Sports Equipment Engineering Challenge

Summary

Kindergarten-2nd
Group Size
2 students
Active Time
50 minutes
Total Time
50 minutes
Key Concepts
Engineering design, motion, push, pull
Credits
Ben Finio, PhD, Science Buddies

Overview

Give your students a chance to practice their engineering skills in this fun sports-themed activity! Your motivation: You want to play a game in which you use something to hit a ball (hockey, mini golf, whiffle ball, etc.)... but you don't have any equipment. The students will need to use recycled materials (and some creativity) to build their own!

Learning Objectives

• Use the engineering design process to build a tool that you can use to hit a ball into a goal.
• Understand how to use one object to push another and change its speed and direction.

NGSS Alignment

This lesson helps students prepare for these Next Generation Science Standards Performance Expectations:
• K-PS2-2. Analyze data to determine if a design solution works as intended to change the speed or direction of an object with a push or a pull.
• K-2-ETS1-1. Ask questions, make observations, and gather information about a situation people want to change to define a simple problem that can be solved through the development of a new or improved object or tool.
This lesson focuses on these aspects of NGSS Three Dimensional Learning:

 Science & Engineering Practices Disciplinary Core Ideas Crosscutting Concepts Science & Engineering Practices Analyzing and Interpreting Data. Analyze data from tests of an object or tool to determine if it works as intended. Disciplinary Core Ideas PS2.A: Forces and Motion. Pushing or pulling on an object can change the speed or direction of its motion and can start or stop it. ETS1.A: Defining and Delimiting Engineering Problems. A situation that people want to change or create can be approached as a problem to be solved through engineering. Crosscutting Concepts Structure and Function. The shape and stability of structures of natural and designed objects are related to their function(s).

Materials

• Assorted recyclable materials for construction, such as:
• Cardboard tubes
• Plastic bottles
• Corrugated cardboard
• Paper or plastic cups
• Egg cartons
• Duct tape, masking tape, or painter's tape
• Scissors
• Lightweight foam or plastic balls
• Arts and crafts supplies for decorating
• Open floor space with chairs or desks to use as "goals"
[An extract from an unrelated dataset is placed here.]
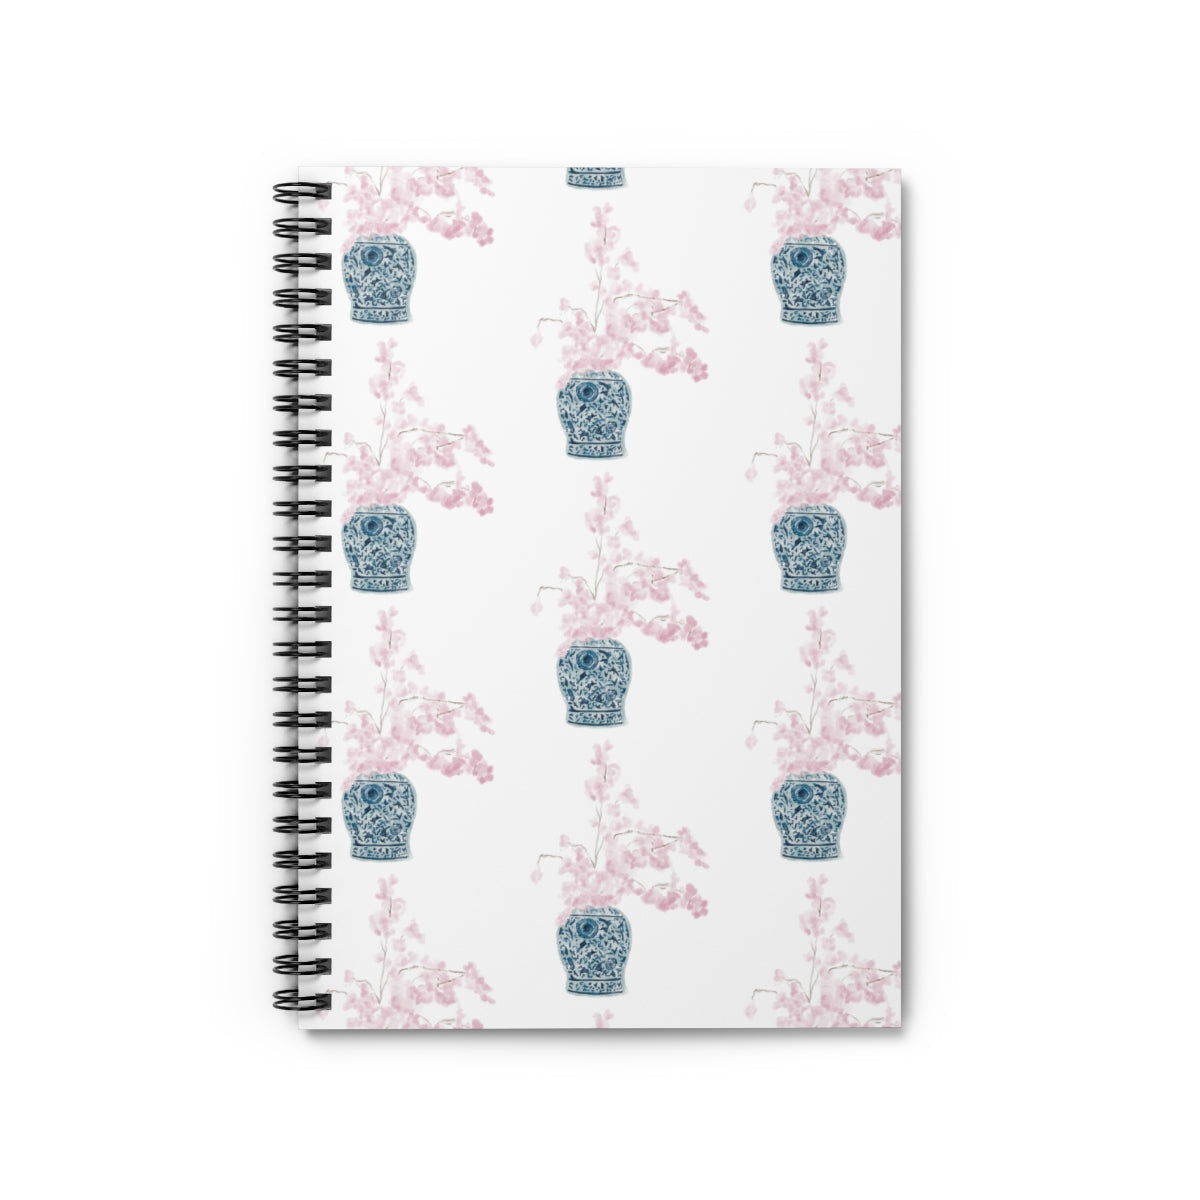 VASE WITH PINK FLOWERS NOTEBOOK - BRYKNOLO LLC Paper products One Size

Background Information for Teachers

This section contains a quick review for teachers of the science and concepts covered in this lesson.

People play many different sports, most of which use something like a bat, racquet, club, or stick to hit a ball or a puck (Figure 1). For example, in some sports, players hit a ball that is still (golf); in some, two people hit a ball back and forth (tennis); and in others, two teams compete to hit a ball into a goal (field hockey). In general, these objects are used to change the speed or direction of the ball by pushing it or hitting it. However, depending on the sport, they have different sizes and shapes. For example, a tennis racquet is short, wide, and held with one hand, while a baseball bat is long, skinny, and held with two hands.

Figure 1. Different types of sports equipment used to hit balls or pucks.

In this lesson, you will guide your students through the engineering design process as they design and build their own sports equipment, which they will use to hit a ball. Engineers solve real-world problems by designing and building new things or improving existing ones. Your students will think like engineers as they first discuss what problem they need to solve. Then, they will make sketches of their designs, and build and test them.